I don't get this one. The boat should have had an engine room fire suppression system. Close the doors, shut down the ventilation, engage the dampers and turn on the gas be it CO2 or some other type. Leave the compartment sealed until everything has had enough time to cool so it doesn't reignite. Don't people run fire drills? Also, if they knew they had an exhaust leak, WTF were they doing running that engine?

Salvador
Posted: Friday, September 17, 2010 1:10 PM
Joined: 22/07/2009
Posts: 97


  THis week saw the supply vessels in exercising drills of the fire fighting hoses and cannons and it's impressive how far, strong and precise that water goes. I suppose that obviously it could send foam also, maybe not so far!

 


junior
Posted: Friday, September 17, 2010 4:24 PM
Joined: 14/01/2009
Posts: 1026


I never understood that fire either. The yacht is alongside with fenders rigged to keep the awlgrip topsides protected ? In a full press, lets get a move on drill, it takes me 15 minutes to rig docklines, fenders and come alongside. They must have had considerable time to ponder the situation. Obvoiusly, with the engines running, they didnt choke off the engine room air supply...was it indeed an engine room fire ? Possible that the fire was a "behind the bulkhead" smoker and crew had limited access for fighting it .. also possible that the crew fired off all background fire suppression equipment , short of a hand held water pump, and decided to call it a day. What type of fire suppression equipment was fitted in the engine room ? Always with these articles there is no investigative interview with crew or captain. Also for any industrial firefighters out there..... What is the recommended fire suppression equipment for a densely packed, limited access , 2000 amp hour AGM battery bank ? http://www.rollsbattery.com/pdf/MSDS%20AGM%20BATTERY%20English.pdf Had a cell blow off last year and Ive been thinking of improving on the present CO2 system
JakeG
Posted: Friday, September 17, 2010 5:44 PM
Joined: 12/12/2008
Posts: 22


You’re dreaming Junior.
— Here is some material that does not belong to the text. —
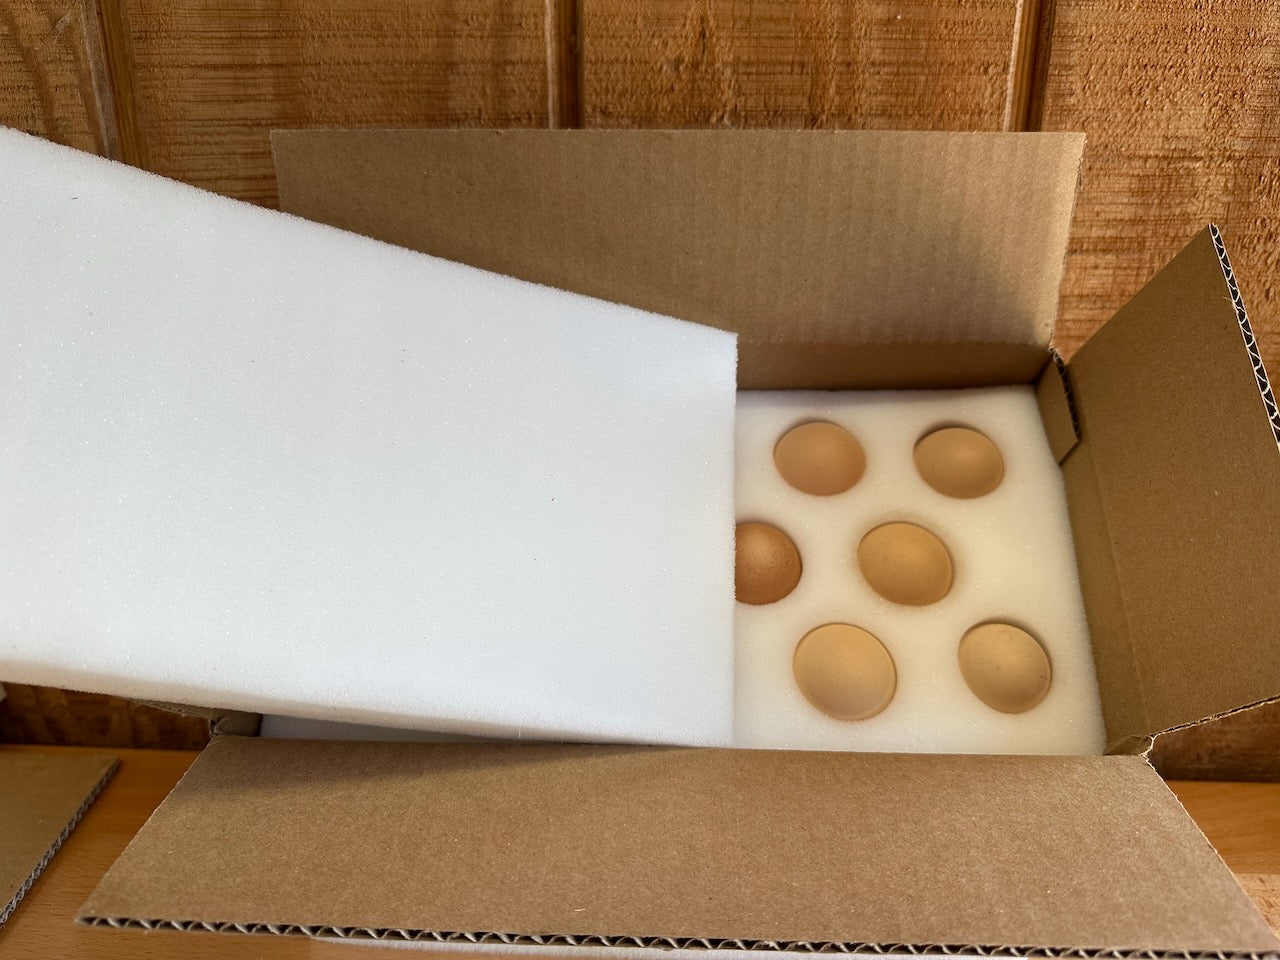 Eggs in shipping box with foam shipper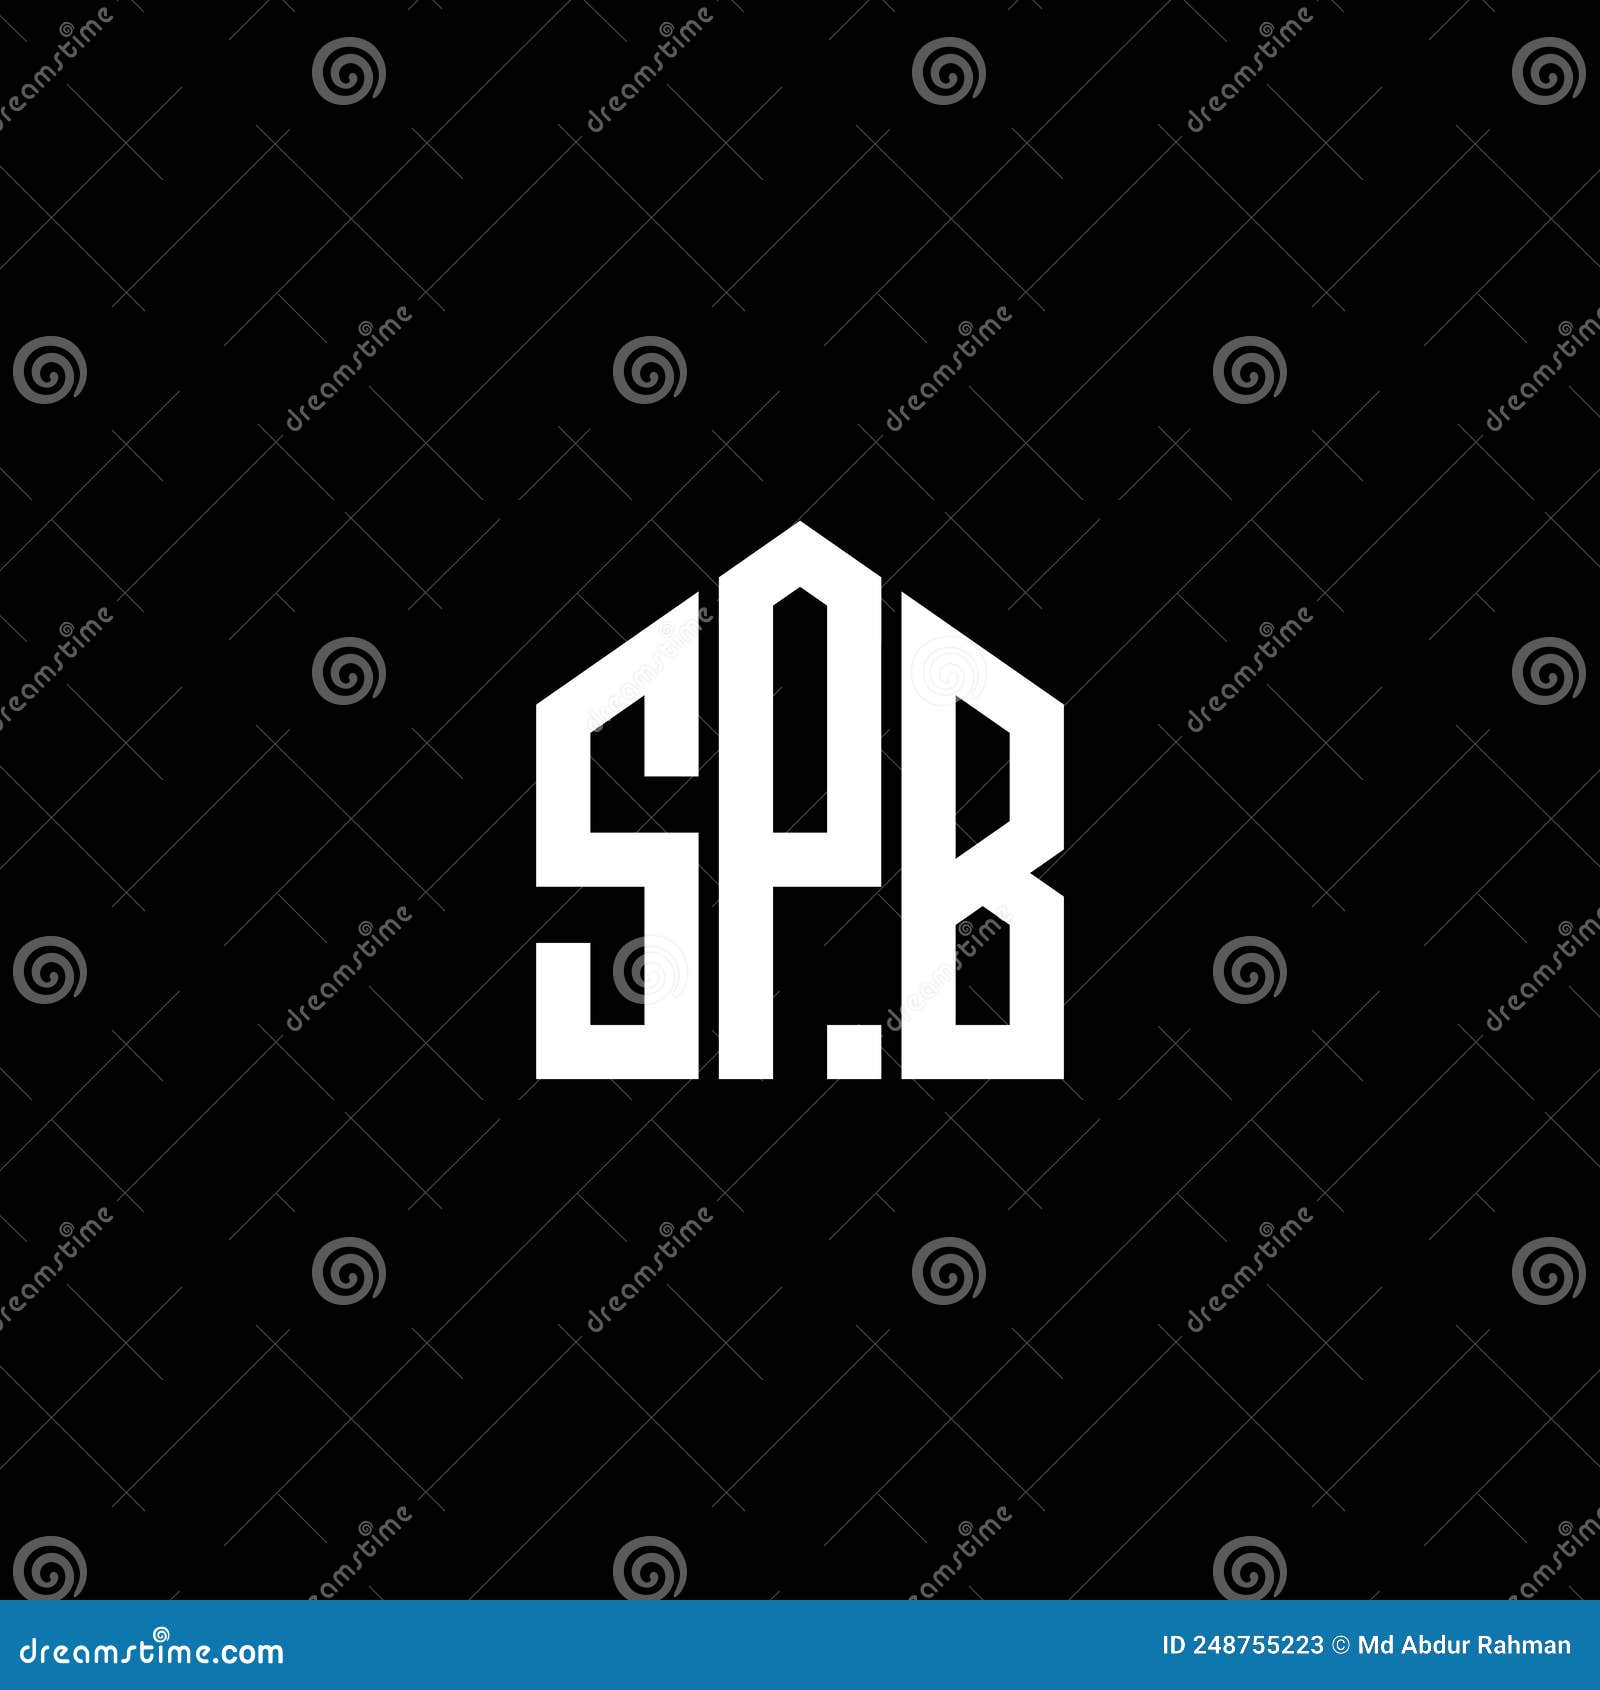 spb letter logo  on black background. spb creative initials letter logo concept. spb letter .spb letter logo  on

There is no way the captain or crew is going to voluntarily talk to Dockwalk or anyone else for that matter and publicly admit what they did wrong. If they are not required to do it then they won’t do it because there is nothing in it for them but shame and humiliation. At least Dockwalk puts it out there for open discussion, which it looks like is a whole lot more than the fire department or insurance company did to learn anything. I would not hold my breath waiting for the captain to log on and tell us any details about what happened. My money says he is just keeping his head low and waiting for this to all magically go away which it eventually will. Always like getting a take on these things from guys like you and Henning though.
junior
Posted: Friday, September 17, 2010 7:34 PM
Joined: 14/01/2009
Posts: 1026


Its a shame , the only emergency scenario on a yacht which terrifies me is fire.